The man who saved Spidey
A behind-the-curtain superhero kept Broadway’s biggest fiasco from flopping
- Last Updated: 12:29 AM, June 12, 2012
- Posted: 9:51 PM, June 9, 2012

Today, “Spider-Man” has added an extra performance. The first 100 people named Tony — or any variation thereof — to arrive at the Foxwoods Theatre at 10 a.m. will get two free tickets to the 3 p.m. matinee.
Rick’s line: “We’re going to have more Tonys on Tony Sunday than any other show on Broadway!”
When all hell was breaking loose at the production last year — injuries, technical foul-ups, canceled performances, ballooning costs — Rick remained unflappable. Fielding phone calls from reporters in the middle of the night about yet another cast injury, he’d say, “Oh, Mary, here we go again! I’m moving my office to Bellevue!”
Last June, the night the show re-opened after an overhaul, I ran into Rick and his team in Times Square. They were carrying flowers to present to the cast and Julie Taymor at the curtain call. (Taymor had been fired a couple of months earlier but decided to attend the opening in support of her actors.)
Rick and I thought it would be a kick if I were one of the “flower boys.” So he handed me a bouquet and I went down to the lip of the stage and passed out flowers to Taymor and the cast. Patrick Page (Green Goblin) and Michael Mulheren (J. Jonah Jameson) burst out laughing when they saw me.
The intense press coverage of “Spider-Man” helped keep the show on the boards.

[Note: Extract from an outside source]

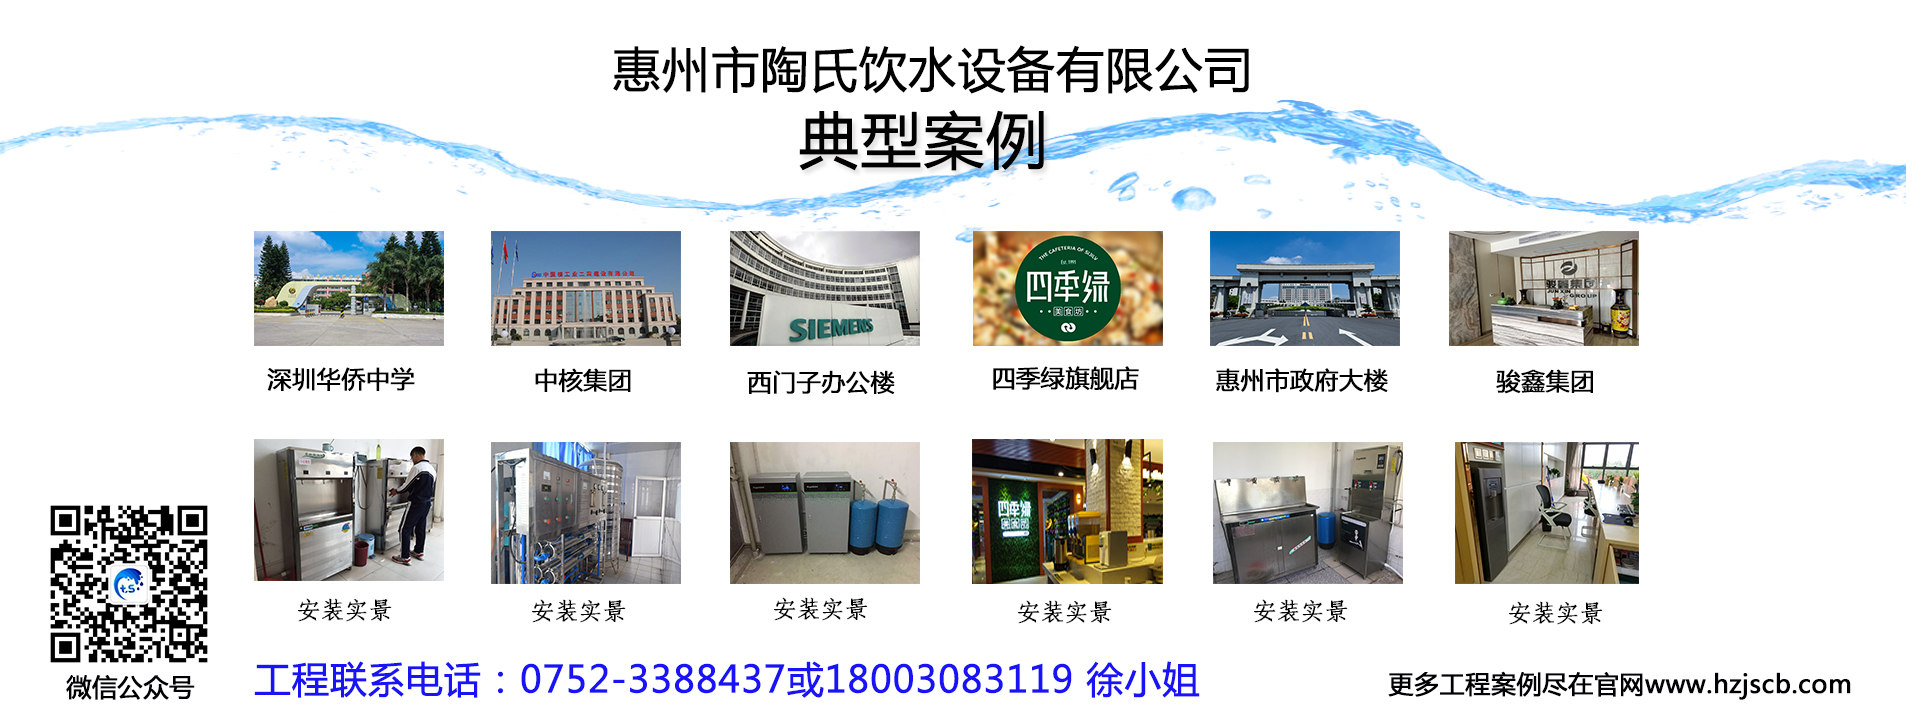 惠州工厂专用不锈钢饮水机,单台供200人使用一

Before performances began in November 2010, advance sales were weak. But once people started getting injured, the box office exploded. People wanted to see Spider-Men tumble into the pit. It became Broadway’s version of NASCAR.
“Spider-Man” wound up on the cover of New York magazine and The New Yorker. Its problems were chronicled in newspapers around the world and every media personality from Don Imus to Stephen Colbert, Lesley Stahl to Whoopi Goldberg weighed in.
The critics killed “Spider-Man” in all its incarnations. But that didn’t matter. The prime audience for the show — international tourists — has never heard of Ben Brantley of the Times or Elisabeth Vincentelli of The Post.
“Spider-Man” is a gold-plated title and the producers, aided by Miramontez and his team, have persuaded the public that its special effects are as thrilling as anything in Cirque du Soleil.
And so “Spider-Man” endures. Will it make money?
Not on Broadway. It may gross $1.3 million a week but that just about covers its weekly overhead. It’s hard to see how the investors will ever get back their $85 million in New York.
But the longer the show runs here, the more in demand it will be in other markets.
And that’s the plan: license productions in huge arenas all over the world.
It just might work, as long as each production studies the Miramontez press strategy that spins dross into gold.
I have a feeling Rick’s about to rack up a lot of frequent flyer miles.
Oh, Mary!
The Tony Awards air tonight at 8 p.m. on CBS.